Although they used customer behavior data to create a "customer vector" to recommend products, this "customer vector" only extracted a series of product characteristics from customer behavior and used to compare the similarity with the recommended products, and still did not break away from the spirit of taking product similarity as the basis for recommendation.
The product similarity paradigm limits thinking and recommendation effect
eBay's emphasis on product similarity is deeply ingrained, and whenever it comes to optimizing their recommendation methodology, their first thought is, "How do I strengthen similarity inference?" ”

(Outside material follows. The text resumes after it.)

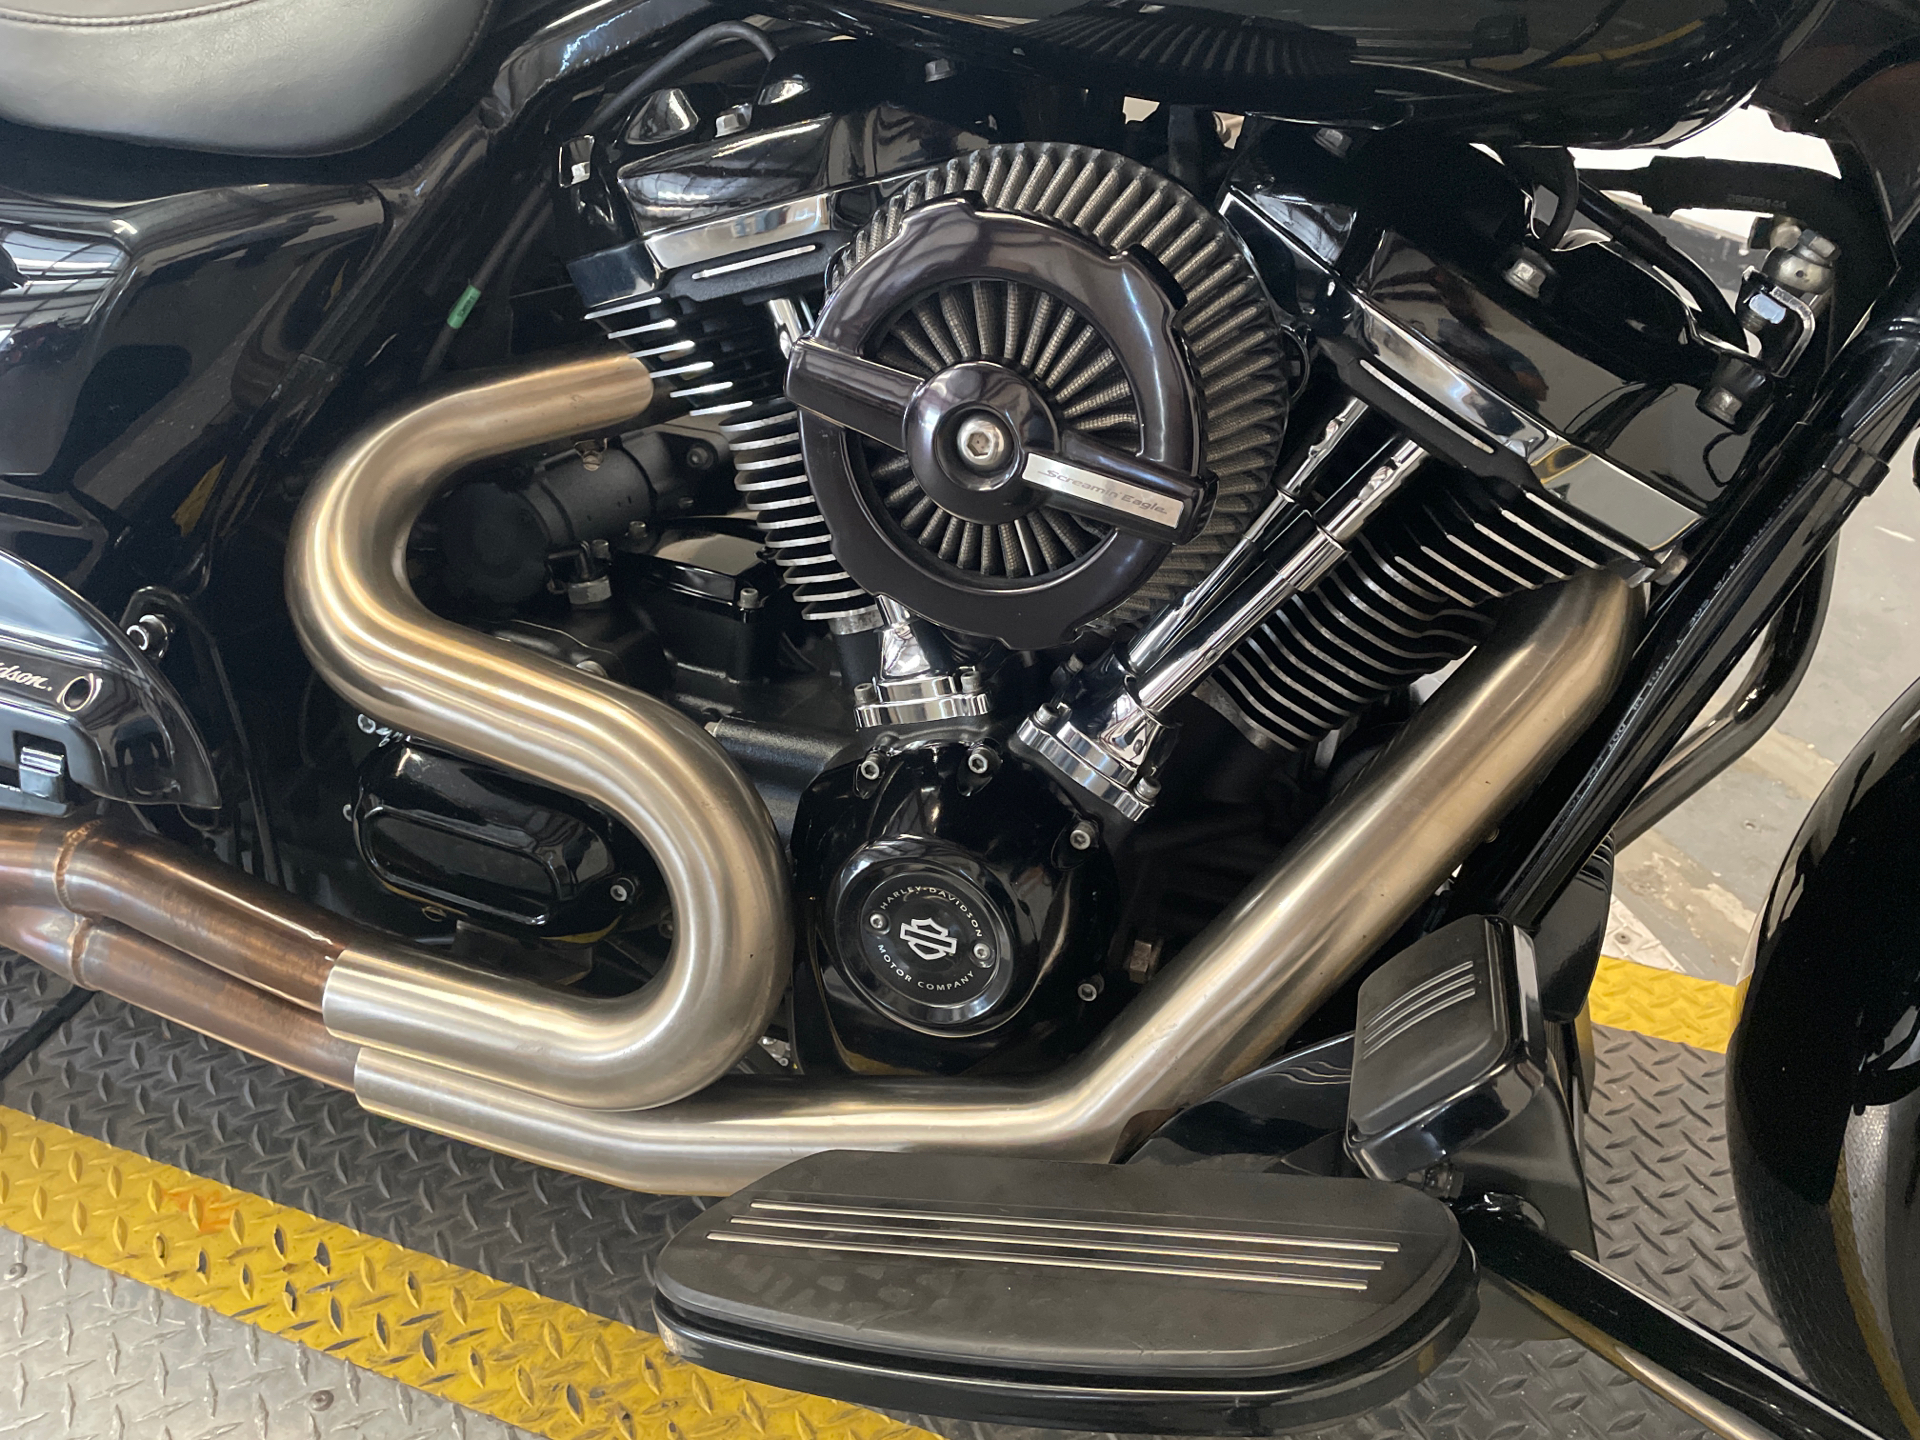 2018 Harley-Davidson Road Glide used - Photo 9

For example, they have a fee-based similarity product recommendation ad layout, using a gradient boosted tree to train the recommendation model behind it, using a variety of sorting algorithms, including popularity, product quality, and similarity, in order to improve the ad conversion rate, amplify the impact of popularity on the ranking.
As a result, products recommended through this page may appear that are very different from the main product, such as the **watch page, which appears ** and the appearance is far from the main product.
When the eBay team discovered this problem, they directly chose to increase the weight of product similarity, instead of further studying and fine-tuning the weights of different factors in the model. They mistakenly believe that simply adjusting for similarity will make the recommended product more relevant and more likely to cause consumers to buy it.
They even deliberately excluded the influence of popularity and fine-tuned a new model to filter the results of the old model. The new modality removes all sort functions related to popularity, and adds an objective function with a probability of purchase, giving higher weight to products with high similarity scores. However, after applying the new model, the recommendation results did not increase the purchase rate of customers as expected, and only some products were valid.
This result reflects that there are other influencing factors that need to be considered, but when the eBay team found that the recommendation mechanism was wrong, they were accustomed to treating product similarity as a panacea, and they thought about the solution from this perspective first.
eBay's approach to improving the recommendation mechanism is not an experiment with "which recommendation element is wrong", but only focuses on "how to strengthen the similarity weight and how much". This over-emphasis on product similarity limits the thinking space of their engineering team.
Over the years, eBay has continued to improve its recommendation mechanism, and it has indeed effectively improved its similarity-based recommendation method. However, Nitzan Mekel-Bobr** admits that it is not necessary to modernize the old practices to break the bottleneck faced by the eBay recommendation mechanism. Even if the similarity recommendation is done to the extreme, the recommendation scenarios that this thinking could not handle in the first place still cannot be handled.
He believes that for the eBay mechanism to make a breakthrough, it must fundamentally change its thinking. First of all, when defining product relevance, it is necessary to go beyond the 25-year obsession with similarity and consider more factors.
Not only that, but they also have to think outside the platform, otherwise, when the products that customers are interested in are not regarded as the same category by the platform, even if the relevance is obvious to the general public, the product similarity recommendation system will still not be able to recommend. The new thinking should be changed from the customer's point of view, trying to understand how customers perceive their products, and adjusting product categories and solutions according to each customer's interests, so as to achieve super personalized product recommendations.